Now, Imagine that one million organisations file their audit report, and pay an amount when they do, even if it’s N20,000 for instance, that can amount to N20 billion generated to the purse of government.
This is apart from the cost of licensing, and certification, because, we will have a data Certification authority, to certify DPOs. It will create jobs, it will generate revenue, it will also assist in the ease of doing business.
Read also: Senate Committee to engage Datasixth on capacity building for cybersecurity
What major challenges do you foresee and how do you plan to deal with them?
The challenges we envisage are what an average new organisation, either in the public or private sector will experience. For instance, we are still operating from NITDA. We appreciate the Minister and the DG of NITDA, who have made provisions for us to have a proper office of our own . Hopefully, by the end of the month, we are going to have an office of our own, where we will settle in.
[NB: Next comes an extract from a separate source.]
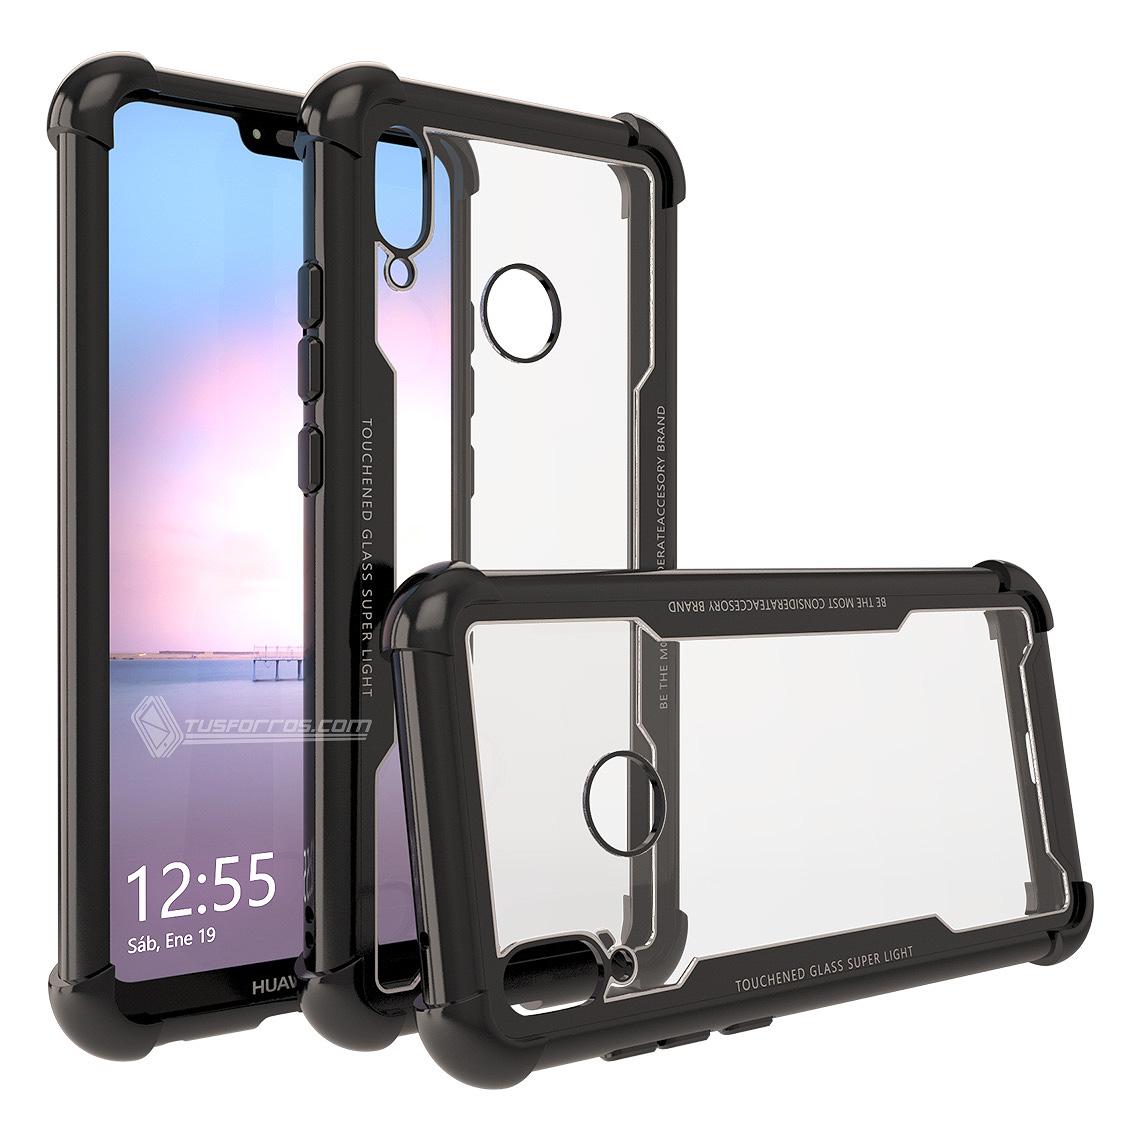 Huawei P20 Lite Forro Anti-Shock Edge Black BackCover Cristal Clear

Then, there is the issue of staffing. We need people that are qualified or knowledgeable in the subject matter. We need experts, because if you bring in political staff, you won’t be able to achieve anything.
We have not employed a single person, but have moved NDPR team from NITDA to the Bureau for now. So, a lot of pressure will come naturally. But, with my experience, and by the grace of God, we will be able to handle that.
Then, funding is key. For instance, we were created February this year, and budget has already been passed. So no budget for now. But we are relying on the goodwill of partners to get a lot of things done.
For example, what you’re doing for us now is a major boost to awareness creation. So we need a lot of partners within Nigeria and internationally to work with us and create awareness.
Between when we were created, and now, we have had two major training programmes free of charge by some multinationals, and some are already in the pipeline to build the capacity of our staff. We are relying on goodwill for now, in the area of funding, pending when we will be able to generate enough funding for our operations.